» What to do
What you return must match the data below exactly, minus any pictures.

» Supplied material
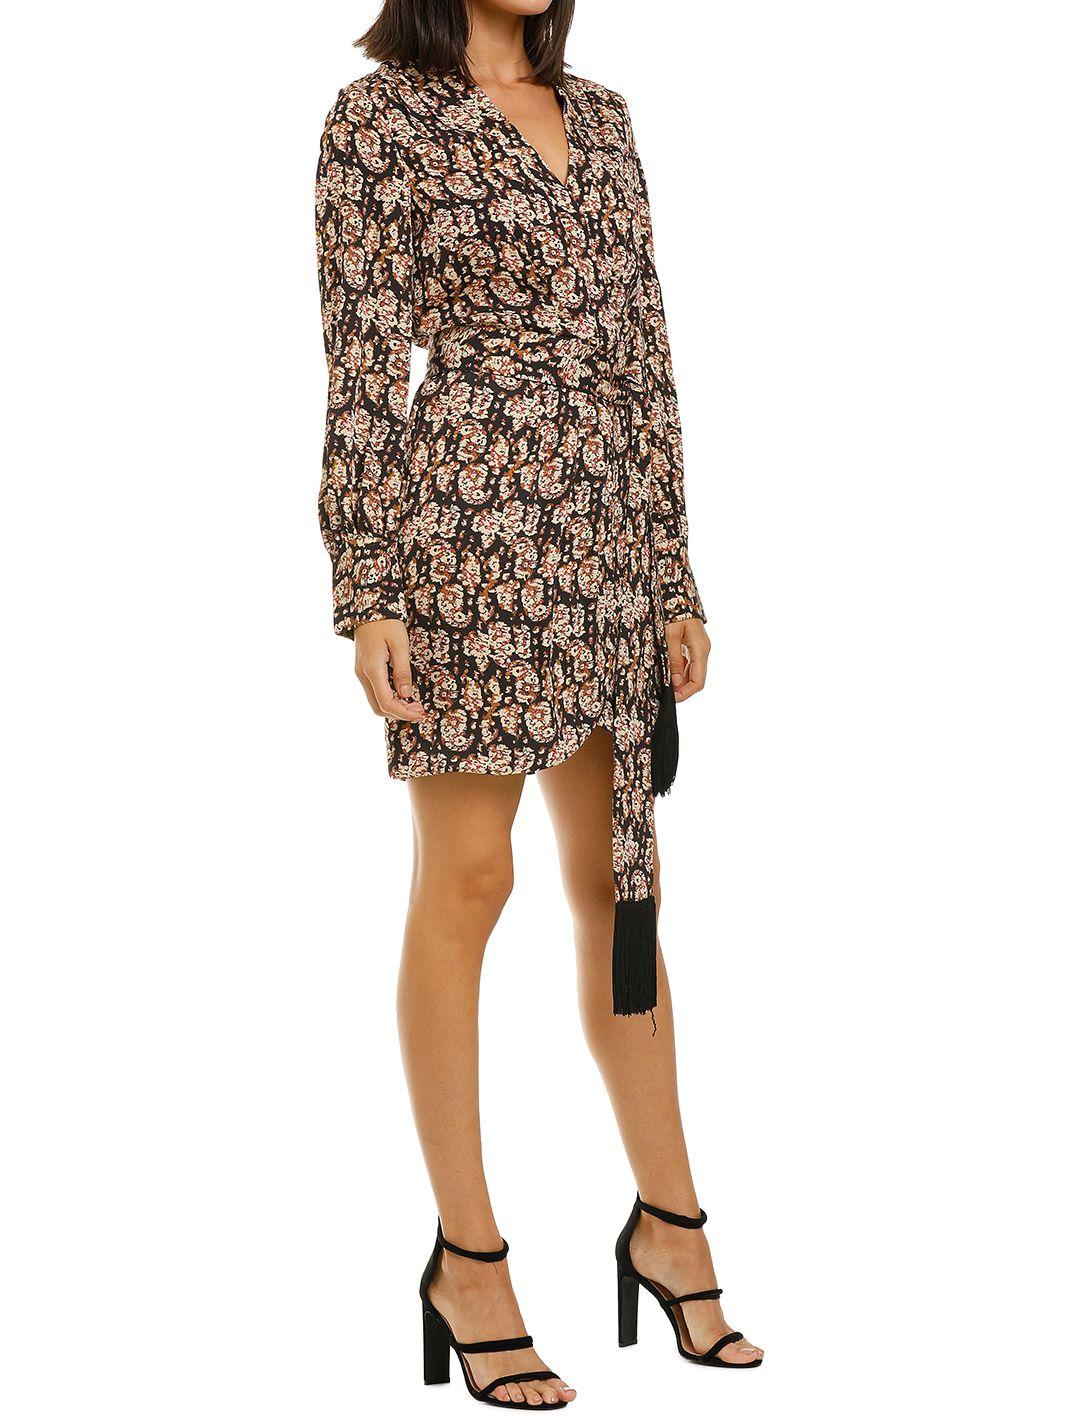 Rebecca-Vallance-Josephine-LS-Mini-Dress-Print-Side
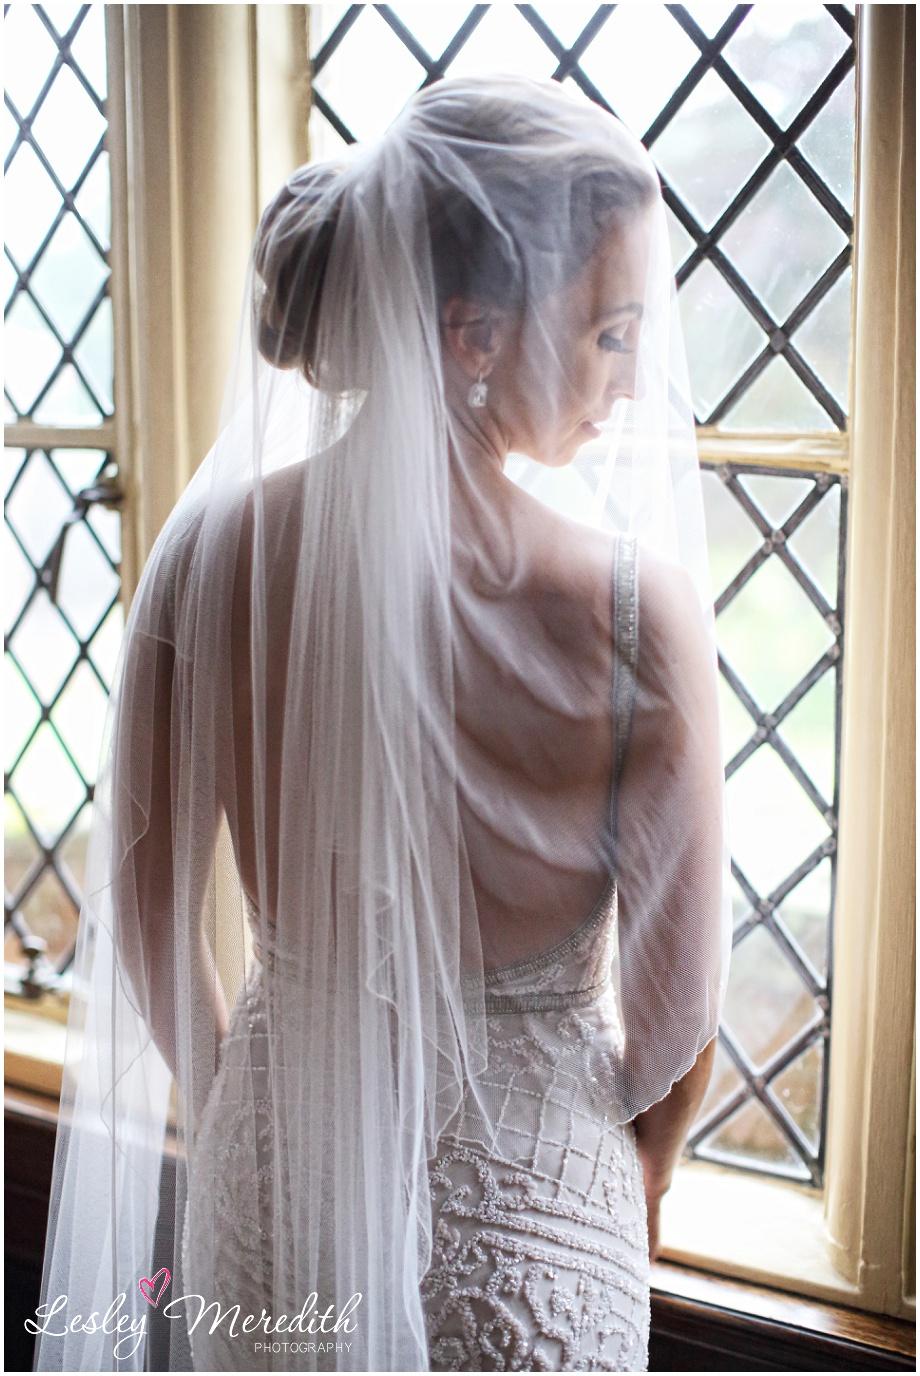 Lesley Meredith Photoghraphy  (23)
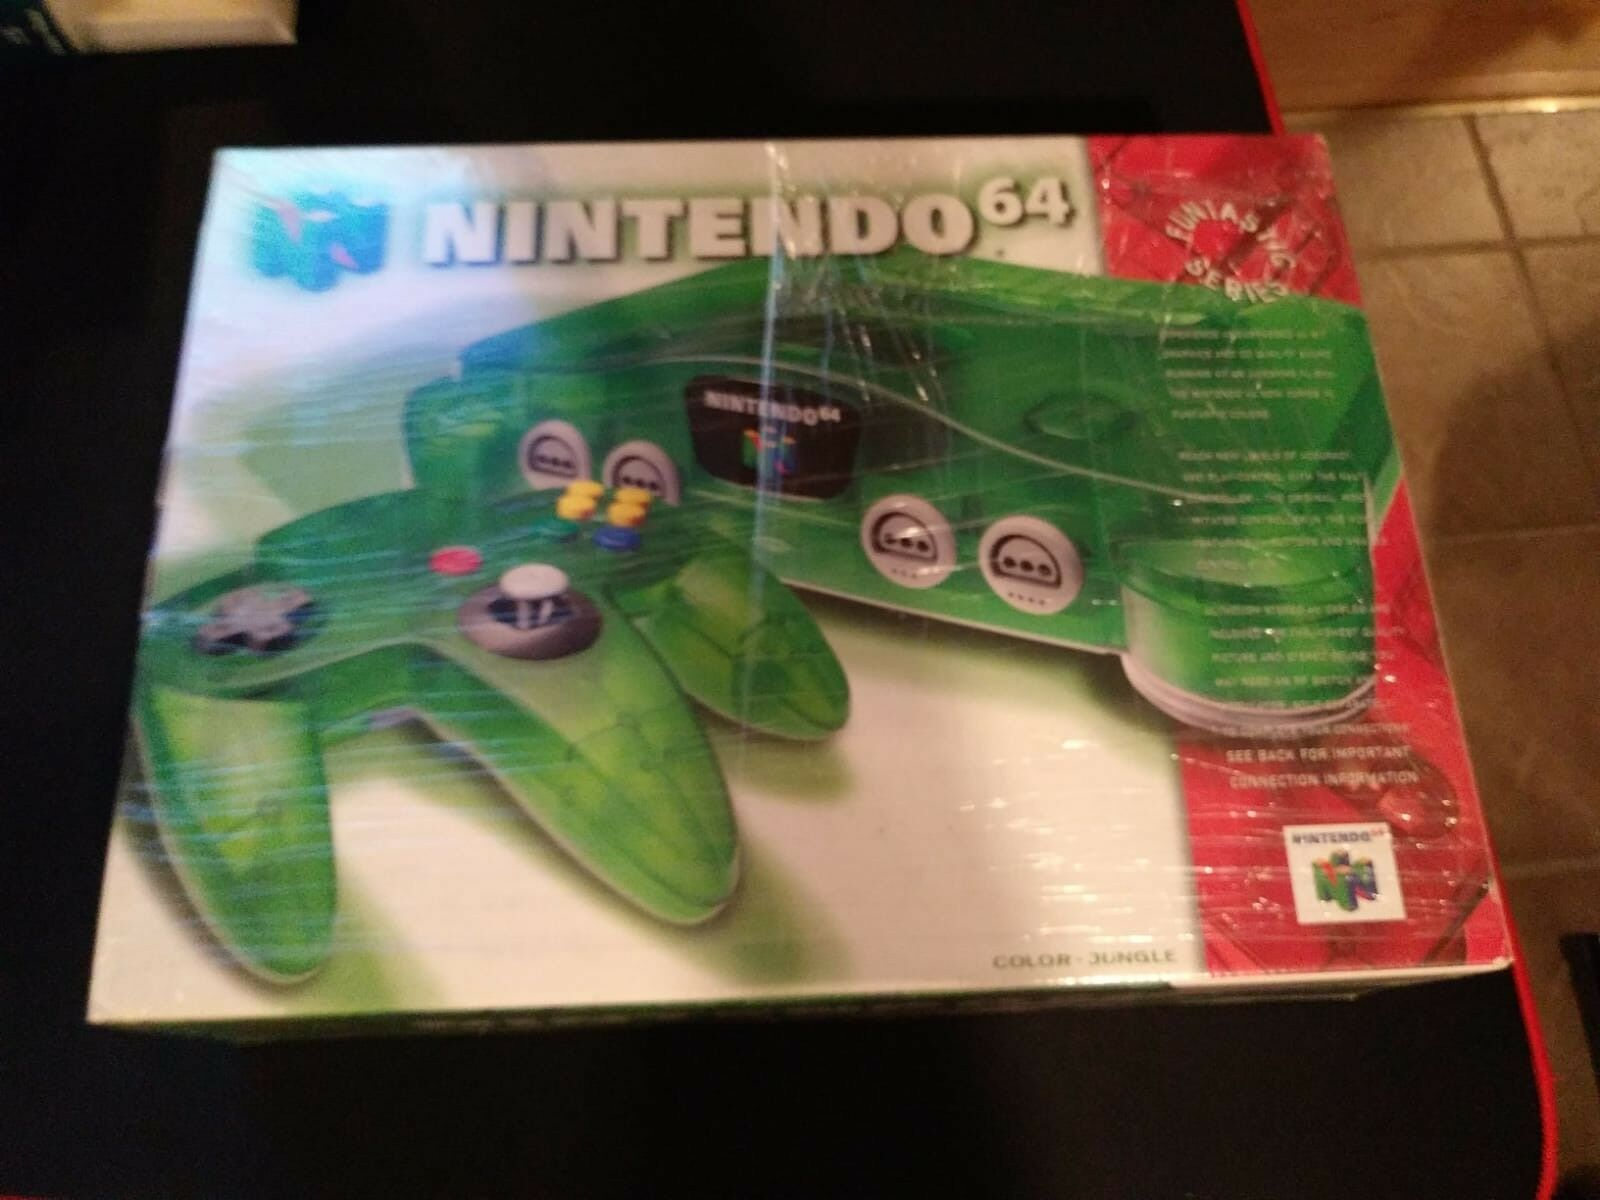 Nintendo 64 Launch Edition Console - Jungle Green

» Task output
 Rebecca-Vallance-Josephine-LS-Mini-Dress-Print-Side
 Lesley Meredith Photoghraphy  (23)
 Nintendo 64 Launch Edition Console - Jungle Green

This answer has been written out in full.